While modern medicine, since the 19th century, has had great successes, not all physical suffering can or ever will be taken away by medicine. To act as if it could leads to increased suffering, especially in the hour of death. The scientific analysis of bodily events ignores the sadness of parting from this life. Dr. Keizer concluded, “Our real questions, in Wittgenstein’s sense, are not scientific, and we would do well, when talking about choices around death, to be aware of the understandable but therefore no less harmful blindness of one of the principal actors in he last act of life – the doctor with his scientific obsession.”

Dr Martyn Lloyd-Jones was a brilliant doctor in Barts, London, working under Lord Horder, the King’s physician, and destined for a glittering career. But in 1926 he believed he was called to the ministry and on Sunday December 12 he preached in Sandfields Presbyterian Church in South Wales where the local presbytery unanimously invited him to become their minister.

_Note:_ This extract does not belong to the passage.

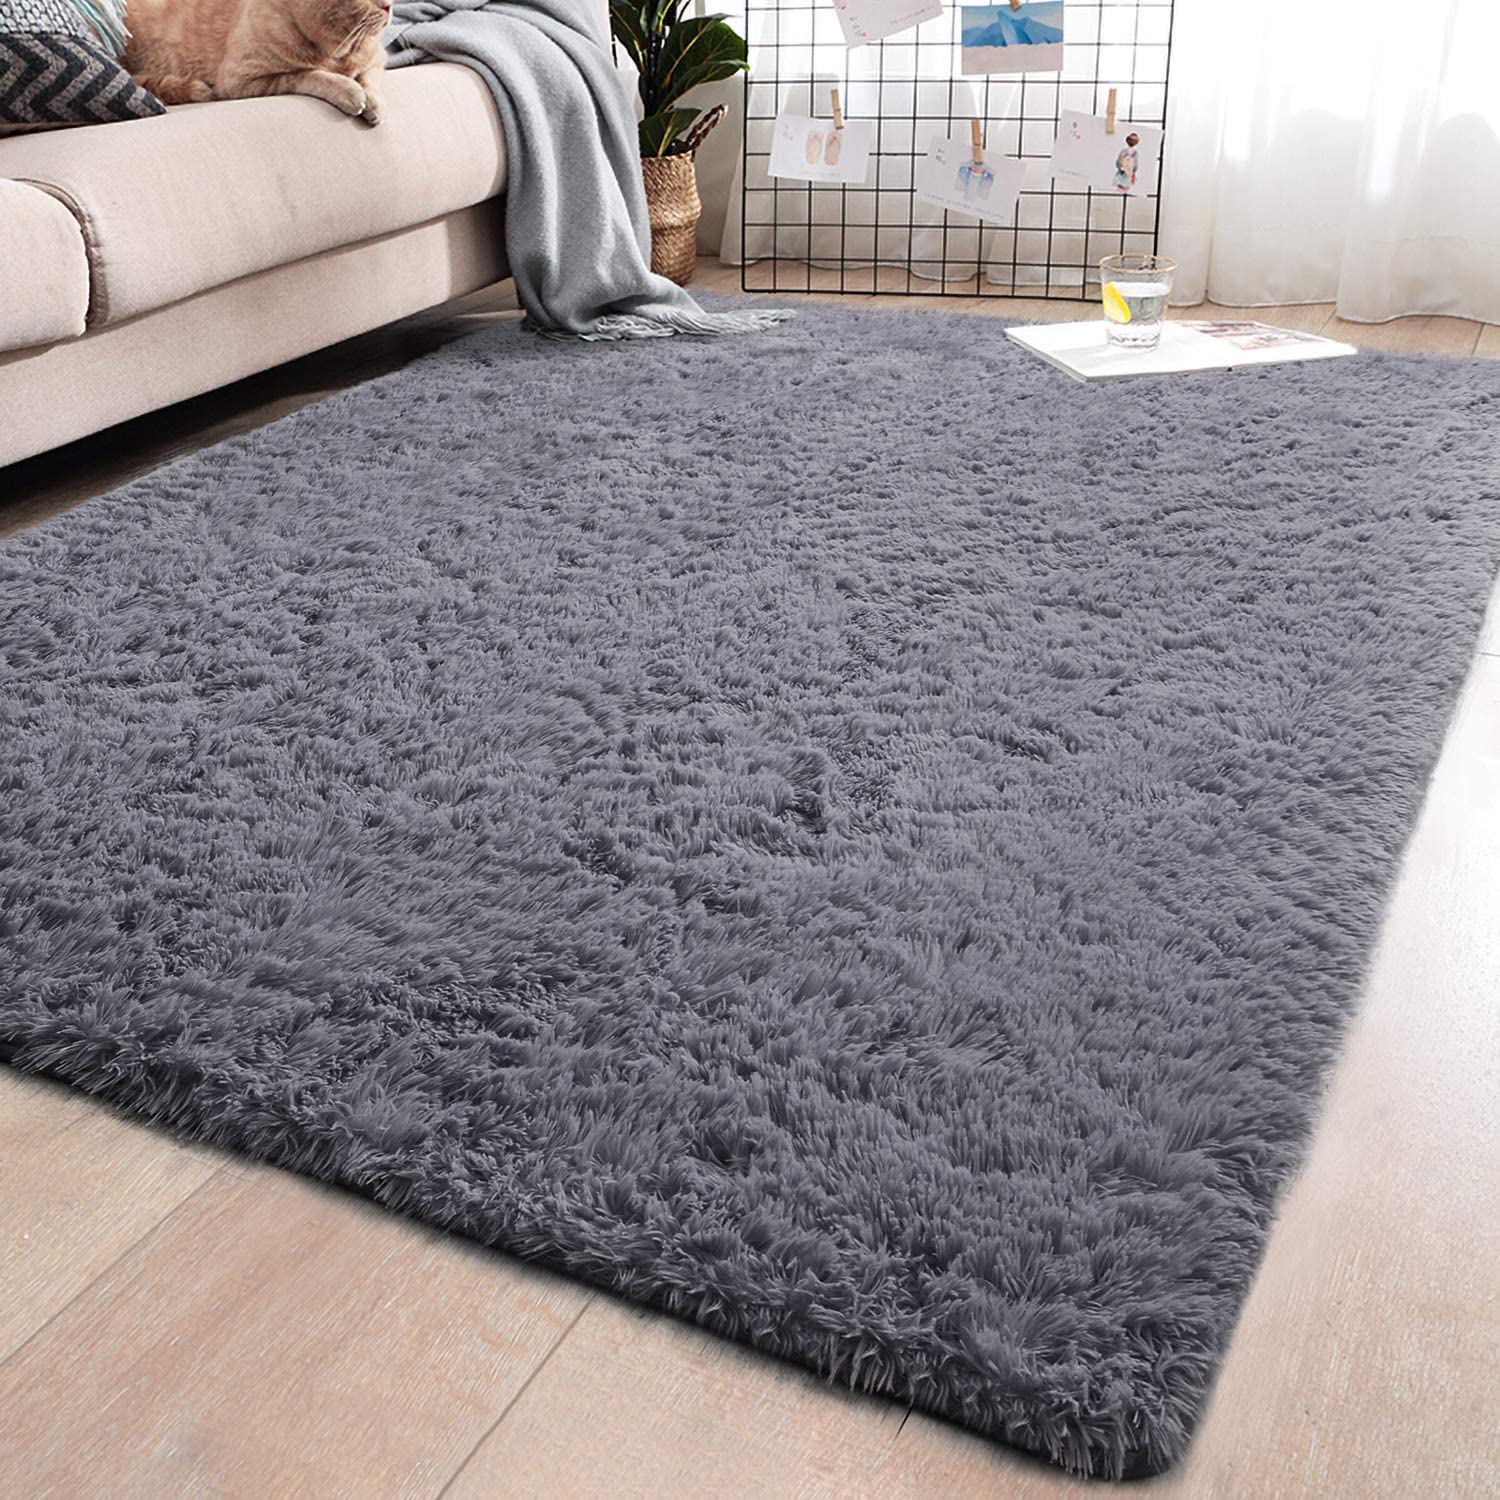 US STOCK Home Fluffy Anti-Skid Shaggy Area Rug Room Bedroom Carpet Floor Mat

When he arrived back in London on Tuesday December 14 the newspapers were full of the story with such headlines as “Leading Doctor Turns Pastor:

Large Income Given Up For £300 a Year” and “Harley-Street Doctor to become a Minister” and “Specialist to Take Aberavon Pastorate.” There was a message in his box in Barts asking him to go immediately to Lord Horder’s office, and when he entered there were Horder and Spilsbury, his chiefs, pouring over the newspapers with accounts of his plans. They expostulated with him. Horder thought he was being a fool and they urged him to reconsider his decision, pointing out to him all the benefits that would come to him and his patients from remaining within the world of medical science.

Dr Lloyd-Jones apologised to them that they had learned of his resignation from the press, that that had not been his intention at all, that he had determined to tell them personally, but there had been a press leak. “Gentlemen,” he said to the two doctors, “I agree with you when you tell me the importance of medical science, but I want you to realise this, that after we have done all we can for our patients, they are still going to die.” His new vocation was focused upon that eternal life, which is God’s gift to all who believe in the Son of God, the good Physician.